REQUIRED ACTION:
After locating the line that contains "Lot Of Nerf Guns" in the records below, write out exactly that line and each line after it through the one that contains "How to Make", and nothing else.

Dataset excerpts

• • • •

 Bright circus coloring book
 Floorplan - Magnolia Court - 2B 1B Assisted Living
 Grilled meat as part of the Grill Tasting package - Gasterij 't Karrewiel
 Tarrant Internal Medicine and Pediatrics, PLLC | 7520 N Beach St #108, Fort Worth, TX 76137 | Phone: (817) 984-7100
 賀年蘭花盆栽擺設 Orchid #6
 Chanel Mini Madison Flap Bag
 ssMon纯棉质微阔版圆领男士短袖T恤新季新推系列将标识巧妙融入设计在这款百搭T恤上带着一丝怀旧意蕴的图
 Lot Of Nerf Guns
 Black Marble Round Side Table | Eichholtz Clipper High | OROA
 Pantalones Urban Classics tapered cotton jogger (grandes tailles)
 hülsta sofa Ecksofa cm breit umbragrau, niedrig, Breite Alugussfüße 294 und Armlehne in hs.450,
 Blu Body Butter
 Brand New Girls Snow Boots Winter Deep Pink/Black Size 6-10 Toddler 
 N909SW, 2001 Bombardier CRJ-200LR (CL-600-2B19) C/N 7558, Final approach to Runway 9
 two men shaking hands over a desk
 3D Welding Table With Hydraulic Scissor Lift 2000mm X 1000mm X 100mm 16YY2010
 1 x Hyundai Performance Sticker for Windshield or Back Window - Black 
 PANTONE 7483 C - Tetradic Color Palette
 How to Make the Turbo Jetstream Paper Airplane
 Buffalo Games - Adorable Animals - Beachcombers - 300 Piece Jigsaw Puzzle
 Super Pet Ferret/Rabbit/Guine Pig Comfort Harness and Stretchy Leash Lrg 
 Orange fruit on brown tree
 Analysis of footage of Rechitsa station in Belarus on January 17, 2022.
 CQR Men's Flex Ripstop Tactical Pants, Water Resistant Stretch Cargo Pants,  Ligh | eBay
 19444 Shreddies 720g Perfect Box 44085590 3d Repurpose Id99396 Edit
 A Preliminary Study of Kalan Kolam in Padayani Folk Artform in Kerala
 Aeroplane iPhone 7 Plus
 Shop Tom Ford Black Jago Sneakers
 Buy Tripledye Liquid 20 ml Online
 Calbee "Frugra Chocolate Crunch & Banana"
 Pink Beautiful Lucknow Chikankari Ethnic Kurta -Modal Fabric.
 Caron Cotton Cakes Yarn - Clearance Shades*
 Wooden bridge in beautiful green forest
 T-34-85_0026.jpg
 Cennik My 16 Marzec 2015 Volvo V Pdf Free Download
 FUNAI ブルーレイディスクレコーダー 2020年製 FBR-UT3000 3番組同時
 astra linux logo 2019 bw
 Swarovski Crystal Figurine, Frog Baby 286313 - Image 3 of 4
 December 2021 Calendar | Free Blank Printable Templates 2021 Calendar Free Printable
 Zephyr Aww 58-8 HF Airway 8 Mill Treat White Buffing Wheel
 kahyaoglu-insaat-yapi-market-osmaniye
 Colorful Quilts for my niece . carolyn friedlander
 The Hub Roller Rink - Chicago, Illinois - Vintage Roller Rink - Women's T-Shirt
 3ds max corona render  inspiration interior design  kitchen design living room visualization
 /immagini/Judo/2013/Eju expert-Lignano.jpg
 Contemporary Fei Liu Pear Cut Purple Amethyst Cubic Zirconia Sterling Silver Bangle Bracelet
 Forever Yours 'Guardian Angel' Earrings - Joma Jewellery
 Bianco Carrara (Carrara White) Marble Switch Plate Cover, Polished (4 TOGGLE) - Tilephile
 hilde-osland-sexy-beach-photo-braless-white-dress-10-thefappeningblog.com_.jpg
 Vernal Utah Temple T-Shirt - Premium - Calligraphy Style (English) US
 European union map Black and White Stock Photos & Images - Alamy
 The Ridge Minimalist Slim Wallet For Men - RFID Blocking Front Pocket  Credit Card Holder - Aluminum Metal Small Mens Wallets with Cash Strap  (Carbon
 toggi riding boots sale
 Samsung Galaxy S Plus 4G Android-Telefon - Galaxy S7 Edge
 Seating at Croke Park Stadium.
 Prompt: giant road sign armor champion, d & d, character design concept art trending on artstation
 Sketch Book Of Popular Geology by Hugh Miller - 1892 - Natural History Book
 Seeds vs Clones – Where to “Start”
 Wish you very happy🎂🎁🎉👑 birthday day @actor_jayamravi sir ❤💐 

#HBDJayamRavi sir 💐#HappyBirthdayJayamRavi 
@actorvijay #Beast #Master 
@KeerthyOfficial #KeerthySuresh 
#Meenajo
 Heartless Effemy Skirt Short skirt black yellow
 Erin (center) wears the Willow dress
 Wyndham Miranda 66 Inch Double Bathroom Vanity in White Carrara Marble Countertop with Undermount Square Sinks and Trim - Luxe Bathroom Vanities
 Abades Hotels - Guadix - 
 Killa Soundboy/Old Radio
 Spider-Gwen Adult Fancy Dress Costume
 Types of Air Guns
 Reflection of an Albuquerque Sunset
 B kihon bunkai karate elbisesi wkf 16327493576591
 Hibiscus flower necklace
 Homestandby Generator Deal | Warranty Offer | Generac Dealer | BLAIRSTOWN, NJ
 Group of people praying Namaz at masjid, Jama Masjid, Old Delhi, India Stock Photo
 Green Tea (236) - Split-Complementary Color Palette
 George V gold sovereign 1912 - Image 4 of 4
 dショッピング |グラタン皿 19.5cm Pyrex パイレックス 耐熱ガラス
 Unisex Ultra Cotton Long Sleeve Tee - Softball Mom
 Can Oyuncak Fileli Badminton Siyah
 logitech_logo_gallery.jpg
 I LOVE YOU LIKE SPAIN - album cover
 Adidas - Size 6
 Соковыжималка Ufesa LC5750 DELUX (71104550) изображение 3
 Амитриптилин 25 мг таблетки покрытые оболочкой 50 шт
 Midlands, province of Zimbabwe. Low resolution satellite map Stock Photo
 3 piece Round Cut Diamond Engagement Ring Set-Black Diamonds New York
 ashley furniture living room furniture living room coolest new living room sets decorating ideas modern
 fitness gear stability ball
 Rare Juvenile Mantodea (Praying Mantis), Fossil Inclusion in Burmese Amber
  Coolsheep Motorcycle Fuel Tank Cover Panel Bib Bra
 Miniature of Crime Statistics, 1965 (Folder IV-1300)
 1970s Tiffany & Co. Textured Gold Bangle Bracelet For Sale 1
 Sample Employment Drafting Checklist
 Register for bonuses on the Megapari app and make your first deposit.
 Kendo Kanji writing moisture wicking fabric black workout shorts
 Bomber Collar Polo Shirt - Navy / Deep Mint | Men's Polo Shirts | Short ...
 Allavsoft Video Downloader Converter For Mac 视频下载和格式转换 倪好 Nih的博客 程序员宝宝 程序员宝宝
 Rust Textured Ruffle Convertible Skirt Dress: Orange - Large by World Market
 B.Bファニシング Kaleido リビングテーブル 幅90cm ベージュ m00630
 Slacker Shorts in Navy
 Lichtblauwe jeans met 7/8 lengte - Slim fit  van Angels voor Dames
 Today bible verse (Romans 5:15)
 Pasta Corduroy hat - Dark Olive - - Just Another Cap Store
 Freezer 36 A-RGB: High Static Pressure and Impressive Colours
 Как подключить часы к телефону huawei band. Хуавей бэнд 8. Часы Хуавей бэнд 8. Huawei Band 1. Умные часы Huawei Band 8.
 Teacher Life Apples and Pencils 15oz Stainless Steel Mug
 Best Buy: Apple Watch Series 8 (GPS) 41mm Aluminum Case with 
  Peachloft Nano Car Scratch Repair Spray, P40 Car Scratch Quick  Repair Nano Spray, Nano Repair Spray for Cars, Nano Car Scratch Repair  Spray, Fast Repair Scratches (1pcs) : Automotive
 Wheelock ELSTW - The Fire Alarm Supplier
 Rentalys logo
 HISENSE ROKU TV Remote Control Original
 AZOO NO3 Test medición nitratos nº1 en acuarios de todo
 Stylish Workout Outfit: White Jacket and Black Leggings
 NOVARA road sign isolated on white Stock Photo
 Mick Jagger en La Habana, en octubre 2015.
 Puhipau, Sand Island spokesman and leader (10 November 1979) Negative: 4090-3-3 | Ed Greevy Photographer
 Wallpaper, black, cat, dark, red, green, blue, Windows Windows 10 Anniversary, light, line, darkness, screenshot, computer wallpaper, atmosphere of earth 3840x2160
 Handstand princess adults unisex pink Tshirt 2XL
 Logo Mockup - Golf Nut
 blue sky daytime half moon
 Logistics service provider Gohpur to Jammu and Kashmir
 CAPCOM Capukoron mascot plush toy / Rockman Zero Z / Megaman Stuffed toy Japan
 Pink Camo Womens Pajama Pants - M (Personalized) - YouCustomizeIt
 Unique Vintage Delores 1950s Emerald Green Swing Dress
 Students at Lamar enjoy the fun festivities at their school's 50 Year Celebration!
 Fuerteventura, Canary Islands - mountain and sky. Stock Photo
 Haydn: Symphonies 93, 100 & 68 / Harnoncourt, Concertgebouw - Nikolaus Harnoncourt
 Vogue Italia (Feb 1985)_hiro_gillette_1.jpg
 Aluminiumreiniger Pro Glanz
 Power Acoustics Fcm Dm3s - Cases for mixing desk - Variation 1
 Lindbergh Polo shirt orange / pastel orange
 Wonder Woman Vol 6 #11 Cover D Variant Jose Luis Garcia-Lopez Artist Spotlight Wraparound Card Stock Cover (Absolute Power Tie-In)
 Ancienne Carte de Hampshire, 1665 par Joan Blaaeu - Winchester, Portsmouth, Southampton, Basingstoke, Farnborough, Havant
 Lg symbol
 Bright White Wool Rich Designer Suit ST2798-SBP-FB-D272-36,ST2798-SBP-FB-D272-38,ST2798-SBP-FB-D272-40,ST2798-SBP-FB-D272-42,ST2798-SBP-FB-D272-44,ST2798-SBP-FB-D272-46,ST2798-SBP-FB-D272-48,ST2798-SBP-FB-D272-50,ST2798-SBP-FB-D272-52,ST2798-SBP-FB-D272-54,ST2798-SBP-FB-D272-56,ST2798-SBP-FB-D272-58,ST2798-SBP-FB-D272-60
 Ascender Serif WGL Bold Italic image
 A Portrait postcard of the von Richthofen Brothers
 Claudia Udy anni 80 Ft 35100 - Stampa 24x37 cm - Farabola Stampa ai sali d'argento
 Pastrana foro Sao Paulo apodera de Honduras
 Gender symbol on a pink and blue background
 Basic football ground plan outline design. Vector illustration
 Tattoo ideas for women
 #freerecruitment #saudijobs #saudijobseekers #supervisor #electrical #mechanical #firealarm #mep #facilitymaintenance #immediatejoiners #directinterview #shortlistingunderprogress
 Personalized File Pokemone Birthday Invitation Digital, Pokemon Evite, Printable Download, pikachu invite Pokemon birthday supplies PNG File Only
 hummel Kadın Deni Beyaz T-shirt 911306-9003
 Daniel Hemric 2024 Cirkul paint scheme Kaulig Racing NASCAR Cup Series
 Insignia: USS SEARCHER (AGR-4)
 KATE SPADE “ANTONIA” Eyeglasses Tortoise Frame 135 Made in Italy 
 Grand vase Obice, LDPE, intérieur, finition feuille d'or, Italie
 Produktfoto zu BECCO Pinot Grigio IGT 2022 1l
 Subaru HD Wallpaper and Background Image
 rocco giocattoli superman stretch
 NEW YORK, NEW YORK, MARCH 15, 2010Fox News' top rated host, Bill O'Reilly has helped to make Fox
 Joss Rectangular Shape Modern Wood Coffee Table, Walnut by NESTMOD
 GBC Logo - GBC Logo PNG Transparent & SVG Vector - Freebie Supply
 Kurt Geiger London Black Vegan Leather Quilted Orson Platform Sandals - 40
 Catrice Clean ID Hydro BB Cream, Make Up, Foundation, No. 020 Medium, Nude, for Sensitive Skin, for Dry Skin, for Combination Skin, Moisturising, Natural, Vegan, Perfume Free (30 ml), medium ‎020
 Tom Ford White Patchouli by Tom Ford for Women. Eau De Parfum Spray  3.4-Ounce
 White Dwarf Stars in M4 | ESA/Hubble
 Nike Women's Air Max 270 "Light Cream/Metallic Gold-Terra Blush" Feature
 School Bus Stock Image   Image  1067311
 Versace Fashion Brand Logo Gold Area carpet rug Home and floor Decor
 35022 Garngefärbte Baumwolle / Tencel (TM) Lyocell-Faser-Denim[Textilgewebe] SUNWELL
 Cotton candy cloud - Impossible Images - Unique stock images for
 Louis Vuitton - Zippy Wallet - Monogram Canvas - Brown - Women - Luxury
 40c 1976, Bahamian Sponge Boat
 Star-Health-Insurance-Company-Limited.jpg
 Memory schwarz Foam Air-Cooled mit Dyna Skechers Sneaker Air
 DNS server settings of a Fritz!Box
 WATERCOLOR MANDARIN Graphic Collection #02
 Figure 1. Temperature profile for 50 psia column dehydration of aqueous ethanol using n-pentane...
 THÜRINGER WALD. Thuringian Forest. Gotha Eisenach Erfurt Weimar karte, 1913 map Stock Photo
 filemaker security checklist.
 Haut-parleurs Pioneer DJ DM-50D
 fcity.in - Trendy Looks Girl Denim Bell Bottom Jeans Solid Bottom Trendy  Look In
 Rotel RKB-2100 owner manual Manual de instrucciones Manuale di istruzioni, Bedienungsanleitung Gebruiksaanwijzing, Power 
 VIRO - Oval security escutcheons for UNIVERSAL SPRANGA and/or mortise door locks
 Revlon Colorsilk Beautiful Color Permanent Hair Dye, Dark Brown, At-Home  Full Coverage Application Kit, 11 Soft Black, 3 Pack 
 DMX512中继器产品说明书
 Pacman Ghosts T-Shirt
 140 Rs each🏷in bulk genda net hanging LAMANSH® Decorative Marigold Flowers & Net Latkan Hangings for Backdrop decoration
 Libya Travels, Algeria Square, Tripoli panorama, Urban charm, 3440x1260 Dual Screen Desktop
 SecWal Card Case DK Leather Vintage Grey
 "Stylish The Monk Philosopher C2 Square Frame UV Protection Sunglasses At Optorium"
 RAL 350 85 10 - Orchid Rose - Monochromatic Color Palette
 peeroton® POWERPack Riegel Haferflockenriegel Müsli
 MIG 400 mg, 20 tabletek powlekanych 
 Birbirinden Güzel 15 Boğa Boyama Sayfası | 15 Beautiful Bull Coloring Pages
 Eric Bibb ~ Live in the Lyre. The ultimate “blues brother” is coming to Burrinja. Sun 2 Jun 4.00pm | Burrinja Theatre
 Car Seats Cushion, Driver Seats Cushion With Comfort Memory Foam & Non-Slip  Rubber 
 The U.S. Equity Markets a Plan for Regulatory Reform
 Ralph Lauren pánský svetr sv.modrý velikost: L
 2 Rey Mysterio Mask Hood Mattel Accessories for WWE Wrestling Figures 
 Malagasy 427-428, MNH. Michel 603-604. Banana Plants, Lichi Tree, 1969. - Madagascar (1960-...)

• • • •

TASK RESPONSE:
 Lot Of Nerf Guns
 Black Marble Round Side Table | Eichholtz Clipper High | OROA
 Pantalones Urban Classics tapered cotton jogger (grandes tailles)
 hülsta sofa Ecksofa cm breit umbragrau, niedrig, Breite Alugussfüße 294 und Armlehne in hs.450,
 Blu Body Butter
 Brand New Girls Snow Boots Winter Deep Pink/Black Size 6-10 Toddler 
 N909SW, 2001 Bombardier CRJ-200LR (CL-600-2B19) C/N 7558, Final approach to Runway 9
 two men shaking hands over a desk
 3D Welding Table With Hydraulic Scissor Lift 2000mm X 1000mm X 100mm 16YY2010
 1 x Hyundai Performance Sticker for Windshield or Back Window - Black 
 PANTONE 7483 C - Tetradic Color Palette
 How to Make the Turbo Jetstream Paper Airplane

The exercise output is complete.